1966: 233,803 km/h on the Reims race track
After 1951, once the course had been modified so that no one had to drive through the village of Gueux anymore and brake from full speed for the „butcher shop and grocery store,“ the lap length increased to 8.3 kilometers, but the dangerous character of the track remained. Now there were even only two hairpin turns, „Virage de Muizon“ and „Virage de Thillois,“ left, with the rest consisting of lightning-fast curves and straights. Over the years, Reims engaged in an imaginary competition with Spa-Francorchamps and Monza to the dubious distinction of being the fastest still-operating Grand Prix circuit; Formula 1 did not race at Avus again after 1959. When Italian Ferrari works driver Lorenzo Bandini, in the first year of the three-liter Formula 1, completed a lap in 2 minutes and 7.8 seconds on July 2, 1966, during final practice for the French Grand Prix, pushing the average speed to a phenomenal 233.803 km/h, it was Reims again – for a few months. However, the problem was less the speed itself than the slipstreaming battles of the car packs. The more homogeneous and equal the chances of the material – this also applied above all to Formula 2 and Formula 3 races in Reims – the greater the risk. In the last Formula 2 race in Reims in 1969, which Francois Cevert won in a Tecno, the first seven cars crossed the finish line within just one second...! After chicanes were introduced in Monza in 1972, Jackie Stewart characterized the then, and still fundamental, slipstreaming problem in Formula 1 as follows: „If there had been a collision here at 300 km/h last year, the cars would probably only have stopped on the shores of Lake Como.“ It was ultimately also the strong growing safety awareness of prominent Grand Prix drivers such as Graham Hill, Jochen Rindt, or Jackie Stewart in the late 1960s that broke Reims as a race track after 1972.
Tribute
And that was no coincidence; Reims, too, had claimed lives.
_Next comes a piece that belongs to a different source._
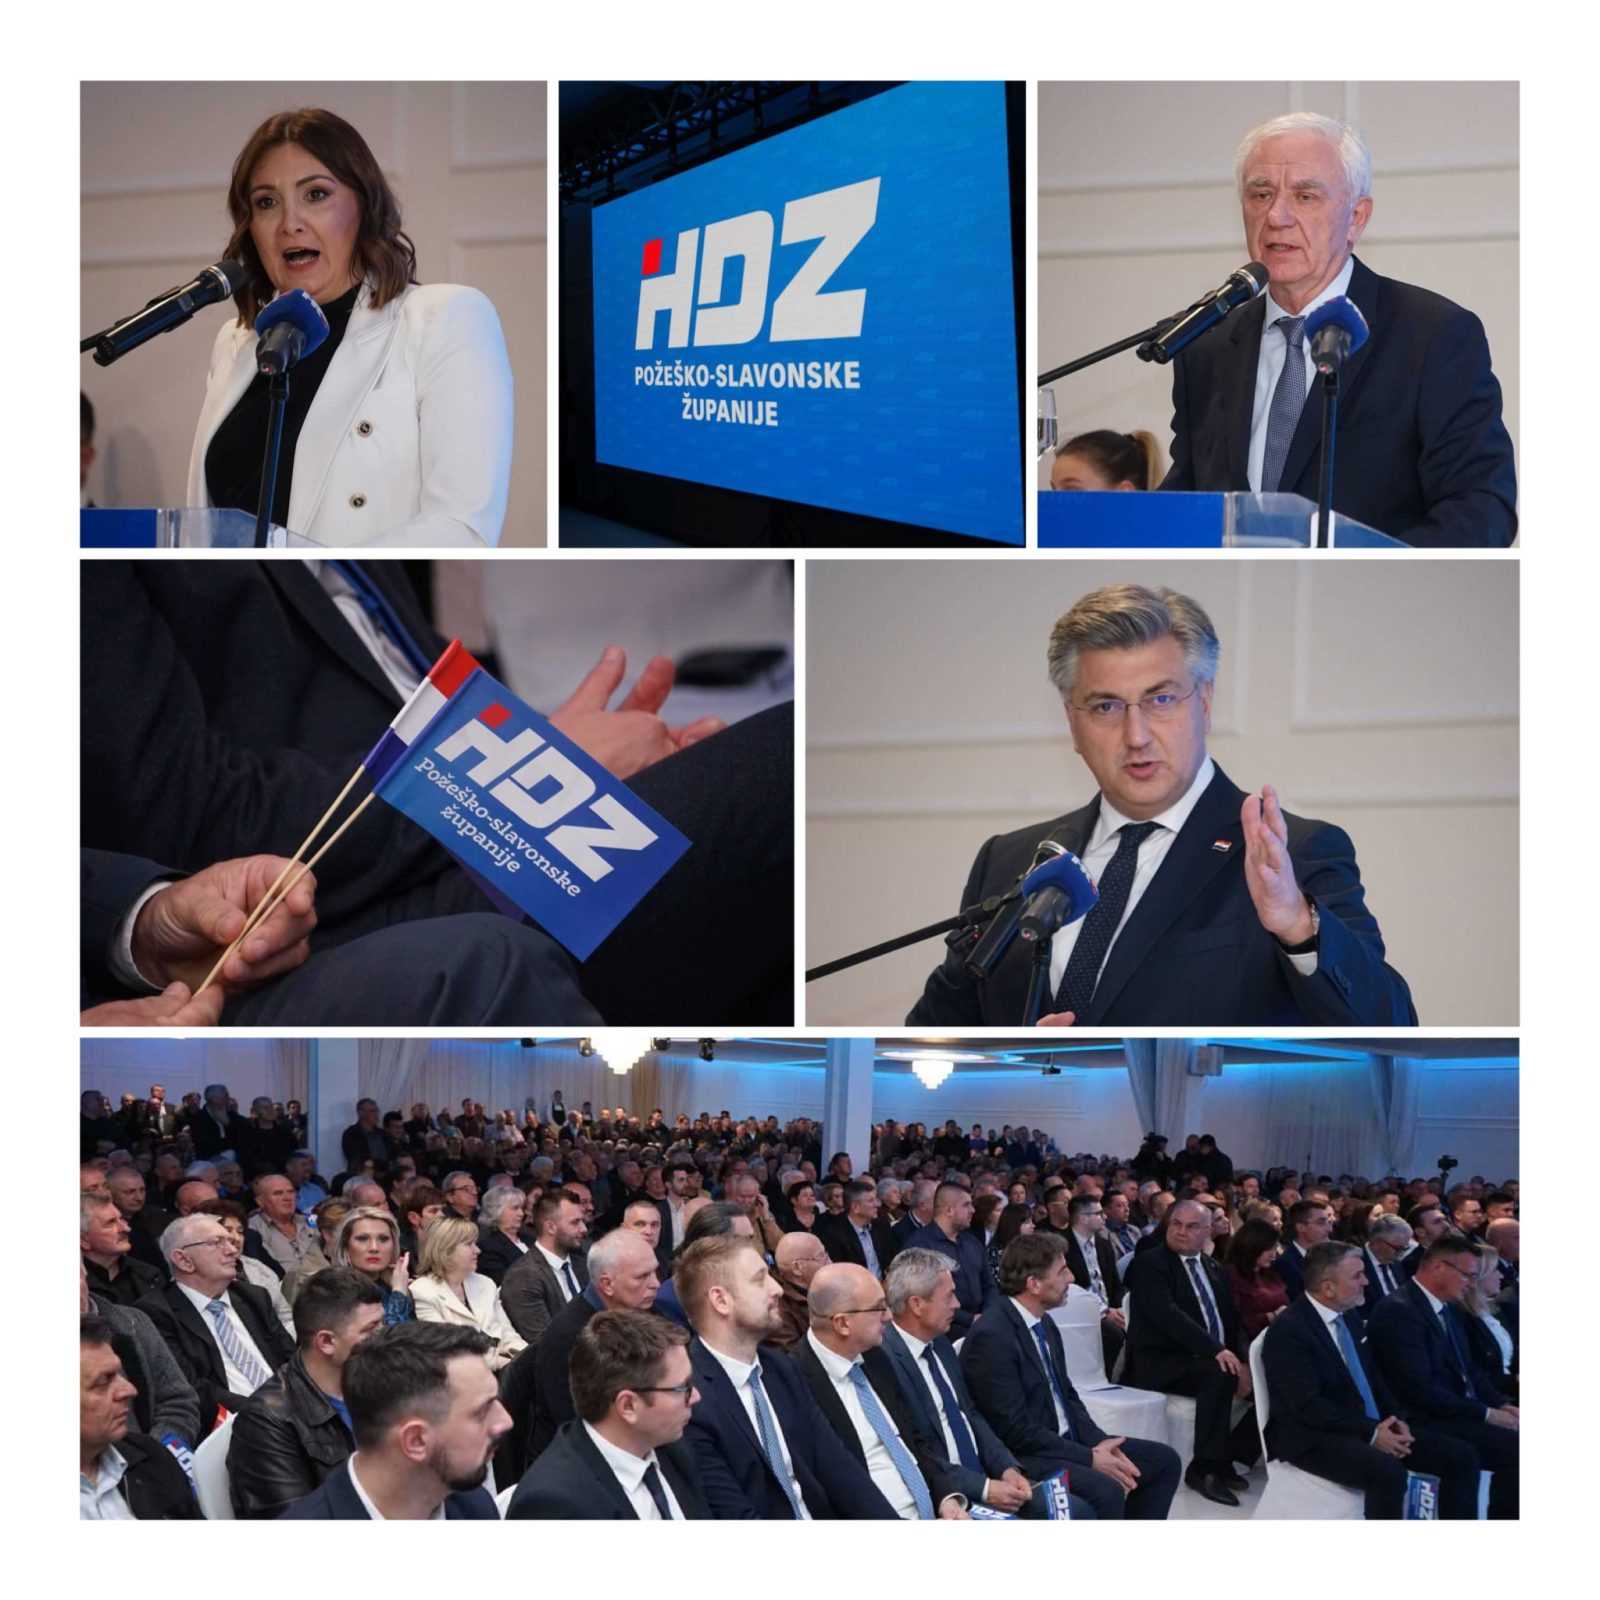 [FOTO] Više od 1000 članova sudjelovalo na 34. obljetnici HDZ-a Požeško-slavonske županije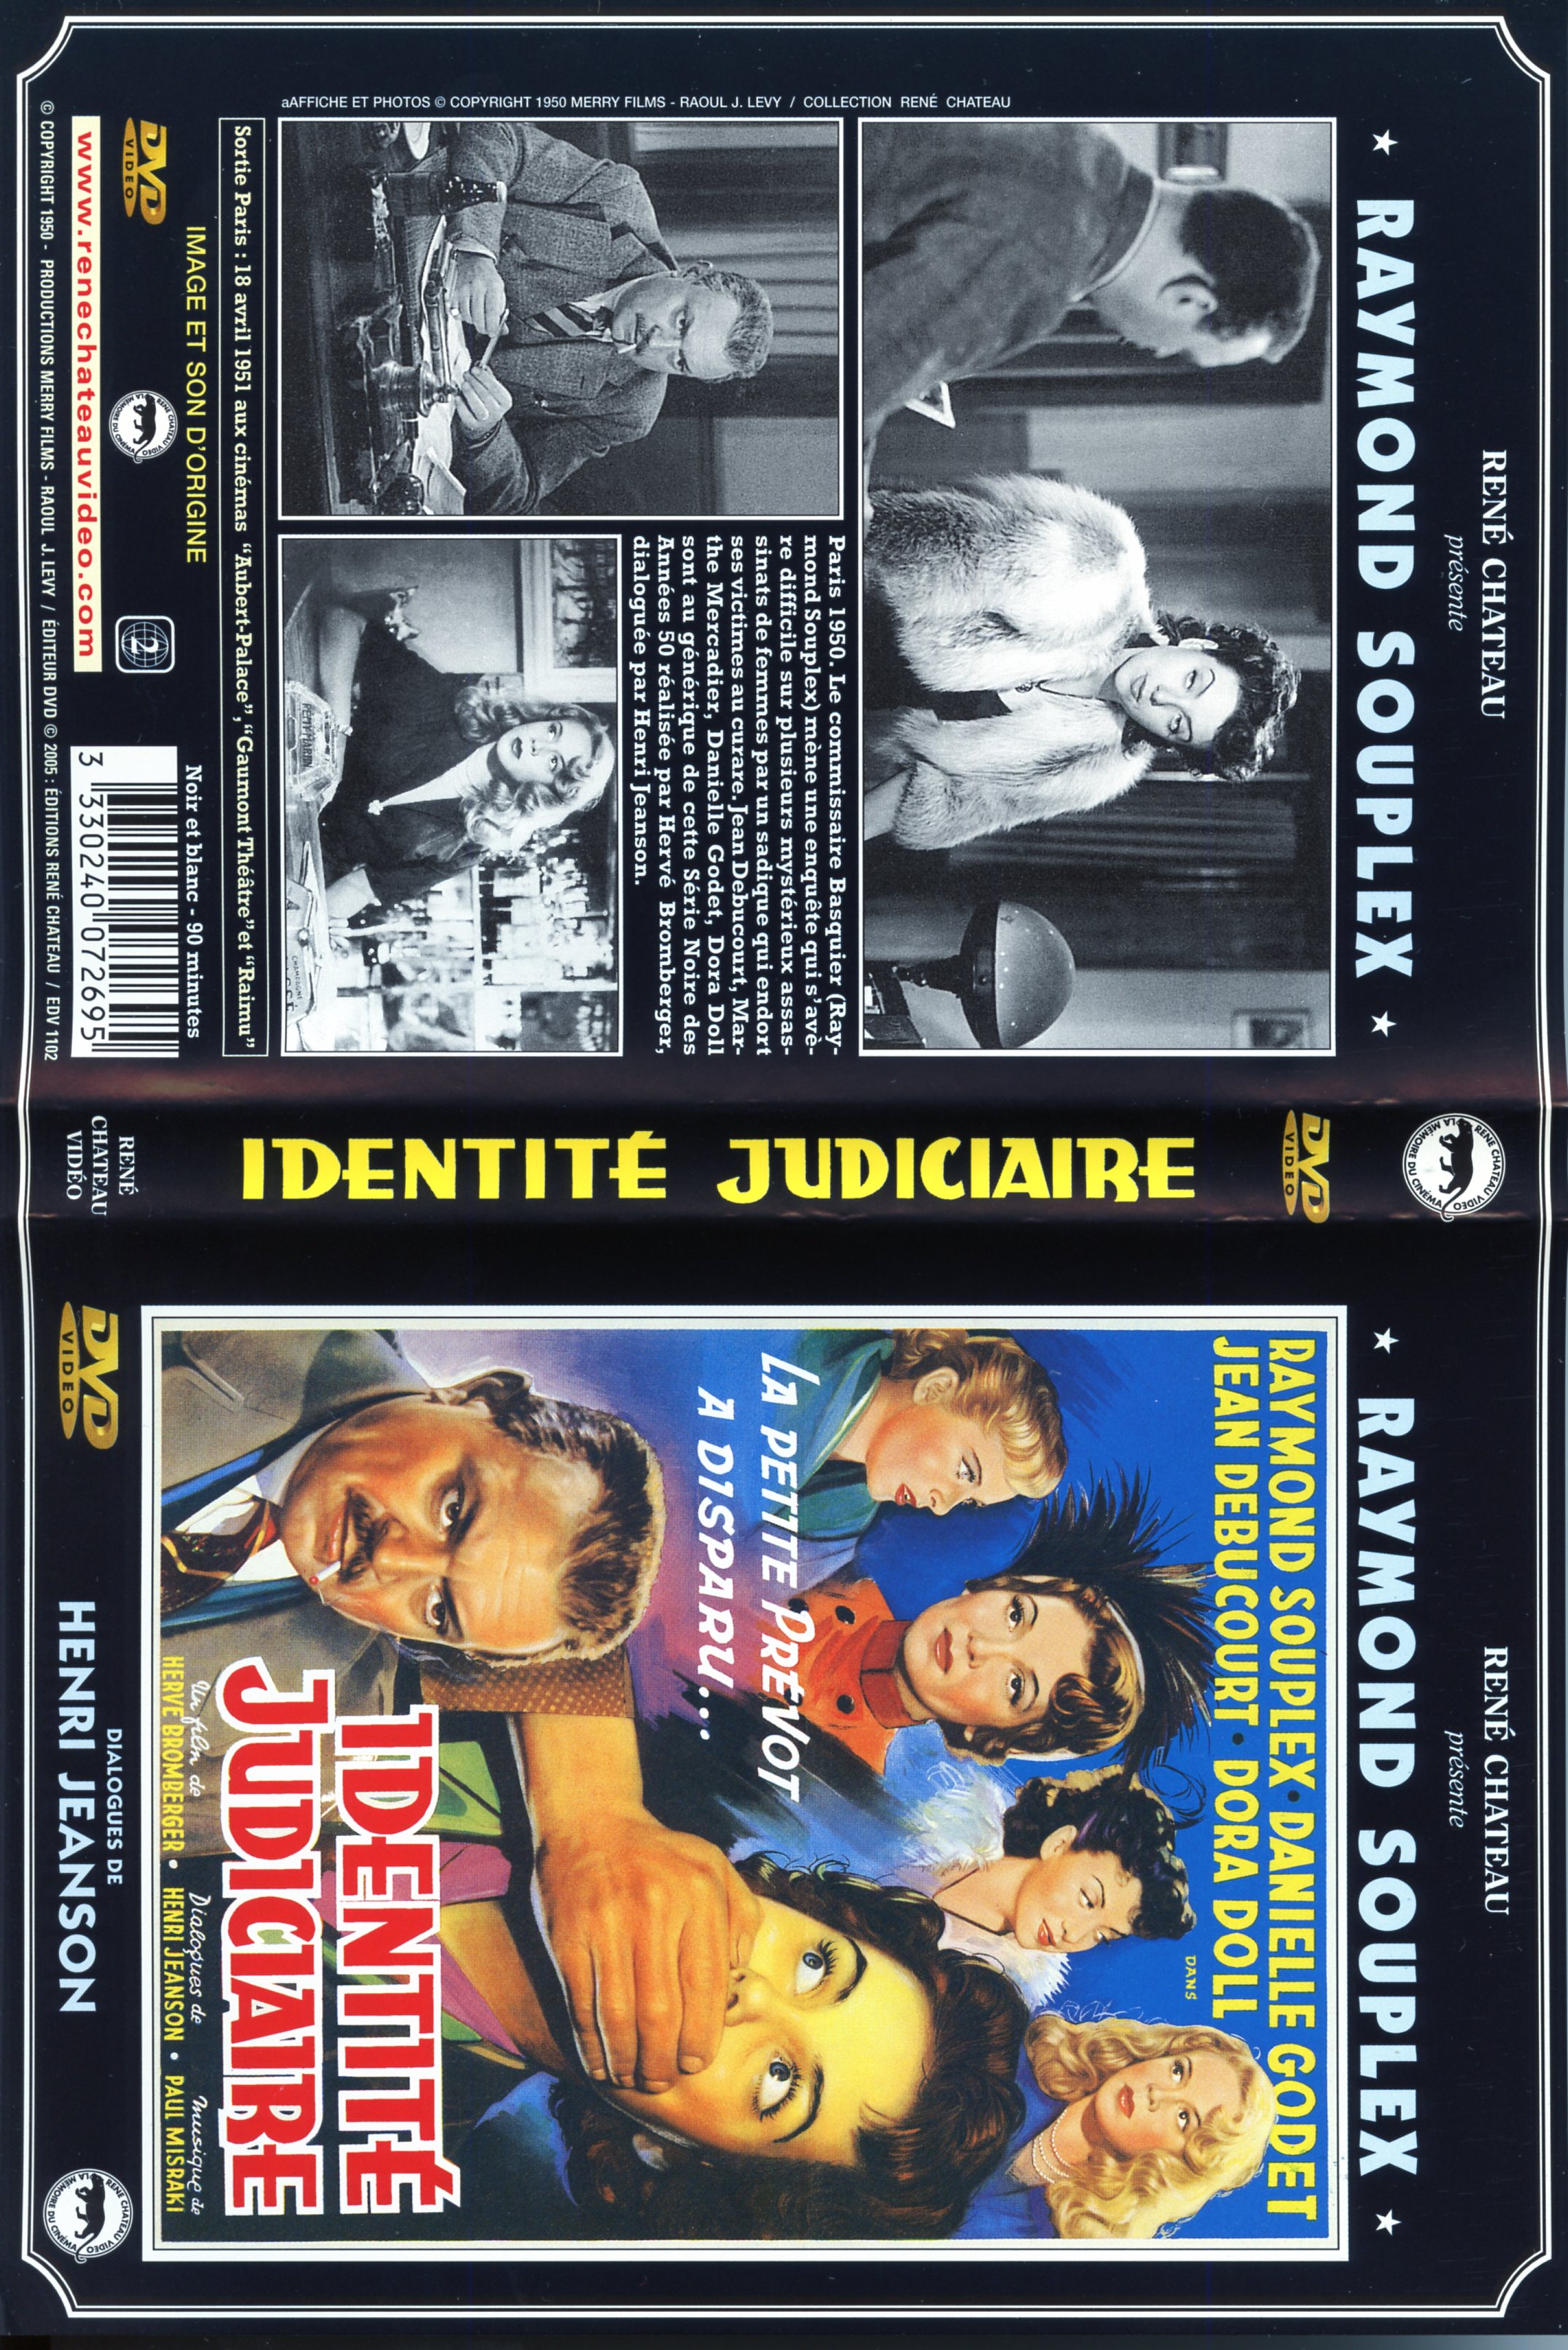 Jaquette DVD Identit judiciaire

Annie Bousquet, then France’s most famous female race car driver, was thrown from the cockpit of her Porsche 550 Spyder in 1956 during the traditional 12-hour race at Reims, which started at night. Briton William „Bill“ Whitehouse in the Cooper and American Herbert MacKay-Fraser in the Lotus died during the 1957 Formula 2 race. „Reims was a very dangerous track,“ noted Roy Salvadori, who finished fourth in that race in a Cooper, in his autobiography *Roy Salvadori – Racing Driver*, „because the corners were so fast that if you went off the road, you’d end up in the field, and more often than not, the car would roll over.“ Luigi Musso, Italy’s great hope of the 1950s, also lost his life in 1958 during a high-speed duel with his Ferrari teammate and race winner Mike Hawthorn at the French Grand Prix in Reims. The well-known French Formula 2 champion and rally driver Claude Storez died in 1959 in a grain field during a special stage of the Rallye des Routes du Nord. And in 1962, American-Canadian race car driver Peter Ryan, who was in the lead, was killed in a collision during the „Coupé de Vitesse Junior.“.
Lucky breaks
Nevertheless, Reims will also be remembered for great moments, even from a German perspective. The just 30-year-old young driver from Bielefeld, Hermann Paul Müller (H.P.), won his first and only Grand Prix here in 1939 in the Auto Union Type D. The memorable one-two victory by Juan Manuel Fangio and Karl Kling in their Mercedes W 196, marking the start of a glorious Mercedes comeback in Grand Prix racing right at the car's debut in 1954. In 1958, the Frenchman Jean Behra triumphed here in the „Coupé de Vitesse“ with the first Formula 2 construction from the Porsche house, still based on the RSK Spyder. In 1961, the Italian Giancarlo Baghetti, in a private Ferrari Tipo 156, achieved a surprise victory right in his Formula 1 debut after the entire Ferrari works team retired and a slipstream battle until the checkered flag. Today, Reims might be a perhaps forgotten racetrack. But it remains a symbol of a daring, breakneck, perhaps mad motor racing era, in which racing drivers were at least heroes. And unlike some other „forgotten racetracks,“ relics still stand here – „warning,“ if you will.